On the other hand, the gangs themselves challenged the Maduro government with acts of savagery, such as the indiscriminate murder of passengers on urban transport buses, taken by gunmen commandos who fired at the occupants at point-blank range. The worst of these atrocities, which left 28 bodies, took place in San Pedro Sula on December 23, 2004.
President Maduro condemned these actions as acts of barbarism and cowardice that constituted an attack against all Hondurans and promised the punishment of those responsible. The National Police accused the Mara Salvatrucha of multiple crimes and, indeed, the confessions of people arrested and brought to justice confirmed this.
The San Pedro Sula massacre led to a heated political debate on the opportunity and need to further toughen the Penal Code, to punish gang leaders with sentences of up to 30 years in prison and even restore the death penalty —repealed in 1946— for those convicted of extremely serious crimes.
Acknowledgments
- Businessman of the Year in 1983, by the Honduran-American Chamber of Commerce (HAMCHAM), for its innovative career.
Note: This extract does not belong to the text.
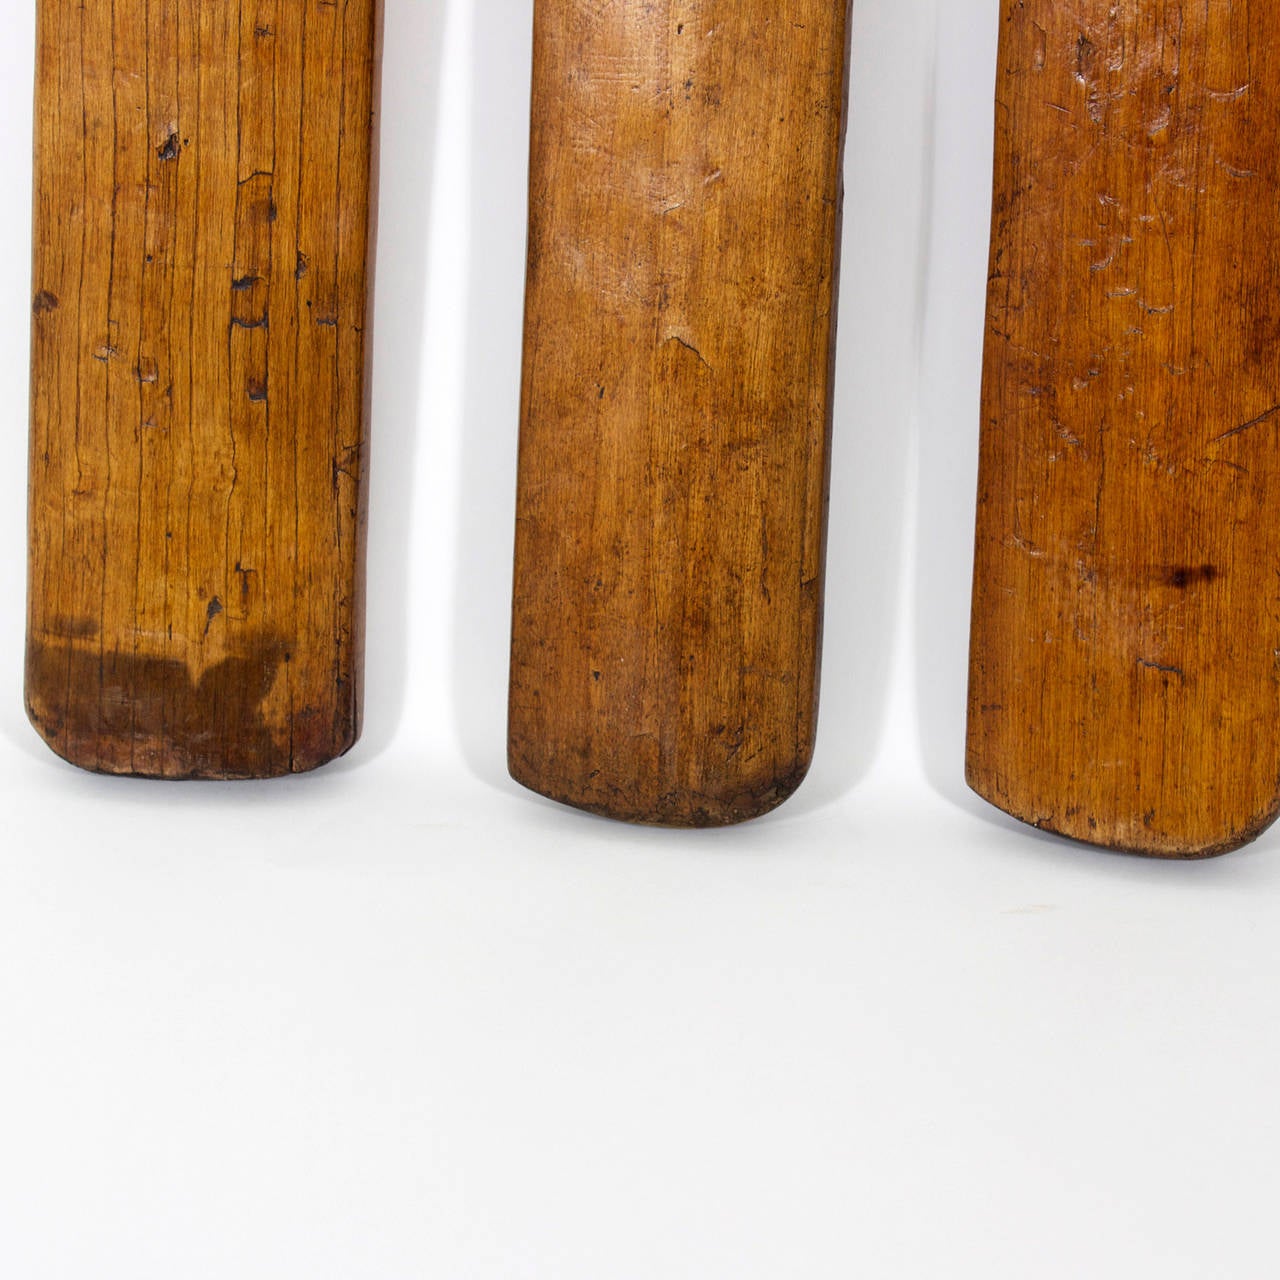 Collection of Fvie Cricket Bats, Great Color and Patina 4

- Man of the Year, by newspaper El Heraldo in 1991.
- Boris Goldstein Award as the most outstanding entrepreneur in 1997, by the Associate Managers of Honduras (GEMAH).
Family and private life
His parents are Osmond Levy Maduro Cardoze, a Jew and member of a prominent family of Panamanian businessmen and politicians whose ancestors were Dutch Jews who emigrated to the American continent, and María Cristina Joest Midence, a Honduran national, although a native of Guatemala.
He was married for 25 years to the Salvadoran Miriam Andreu, whom he divorced in 1996. With her he had 4 children: Carolina, Cecilia, Lorena and Ricardo Ernesto. The latter was a victim of organized crime, being assassinated at the age of 25 in an attempted kidnapping in San Pedro Sula on April 23, 1997. As a result of this incident, the National Congress approved the modification of the Constitution to introduce the life imprisonment as the maximum penalty for extremely serious crimes. Maduro currently has four grandchildren.
In the last third of 2001, while he was running the presidential campaign, he met the Spanish Aguas Ocaña, who was working as chancellor of the Spanish embassy in Tegucigalpa. He married her on October 10, 2002 in an intimate ceremony to which the press did not have access. Their divorce process began in January 2006, for which reason Ocaña did not accompany Maduro to the transfer of presidential command on the 27th. of that month, and the next day he was back in Spain with the three children that the couple had adopted.
Maduro remarried on December 5, 2009, with the Honduran Melissa Callejas Cantero, after almost three years of dating, in a ceremony that the press did not have access to. Callejas is the founder of the Casa de Oro jewelry store and has a daughter from a previous marriage named Giulia.